In October 2025, the EPA carried out a series of enforcement actions against several companies for environmental violations, including fines, remediation orders, and compliance directives.

The actions affected companies in sectors such as mining, manufacturing, and logistics, and formed part of broader efforts to strengthen regulatory enforcement and ensure compliance with environmental standards.

Despite increased enforcement activity, challenges remain related to monitoring capacity, oversight of remote operations, and ensuring consistent compliance across Liberia’s expanding resource sector.

== Rainforest conservation ==
The EPA also plays a role in broader environmental governance, including rainforest conservation. Liberia contains one of the largest remaining portions of the Upper Guinean rainforest, a globally significant biodiversity hotspot and carbon sink.

It regulates activities that affect forest ecosystems, including mining, agriculture, and infrastructure development, through environmental impact assessments and enforcement of environmental laws.

Liberia has introduced policies aimed at protecting its rainforests while supporting local livelihoods, including community forestry initiatives that grant local populations rights to manage forest land.

Despite these efforts, significant challenges remain. Mining and other extractive activities overlap with large portions of forested land, contributing to deforestation, water pollution, and ecological degradation. Reports have identified widespread environmental risks associated with mining operations in forest areas, highlighting ongoing enforcement challenges.

== Climate initiatives ==
The EPA is involved in climate resilience initiatives in Liberia, including projects supported by the Green Climate Fund.

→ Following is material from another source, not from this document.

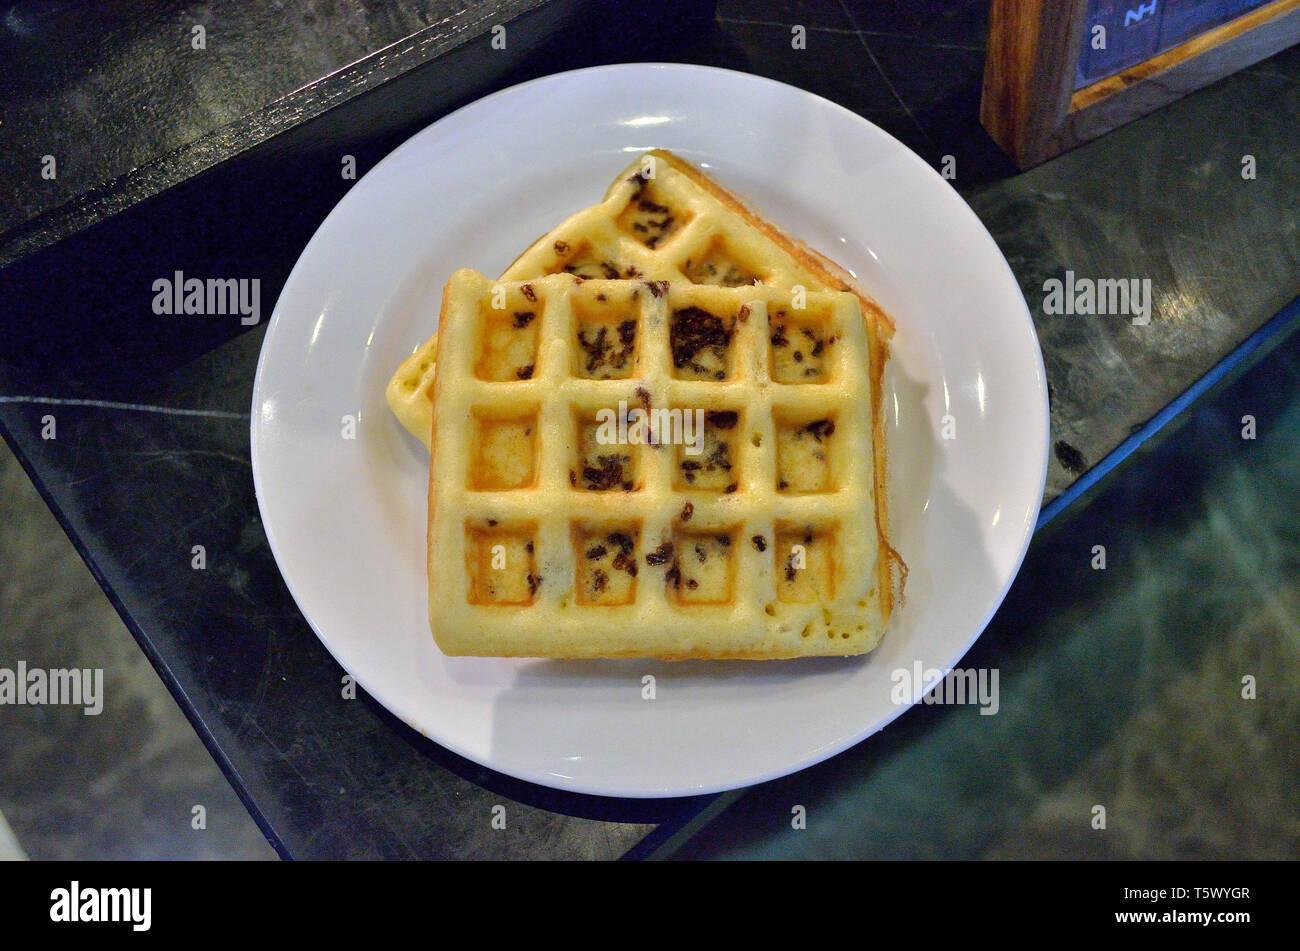 Gaufre Choco saupoudre de cuisson Photo Stock

One such initiative is the Monrovia Metropolitan Climate Resilience Project (FP160), which focuses on strengthening coastal protection and reducing flood risks in the capital. Under this project, the EPA contributes to environmental oversight by ensuring compliance with environmental and social safeguards, reviewing environmental impact assessments, and monitoring risks associated with coastal and urban infrastructure development.

Another project, "Enhancing Climate Information Systems for Resilient Development in Liberia" (SAP018), focuses on improving the country’s capacity to collect and use climate and weather data for disaster preparedness and climate adaptation. The project aims to strengthen early warning systems, climate risk awareness, and institutional coordination, benefiting communities across the country.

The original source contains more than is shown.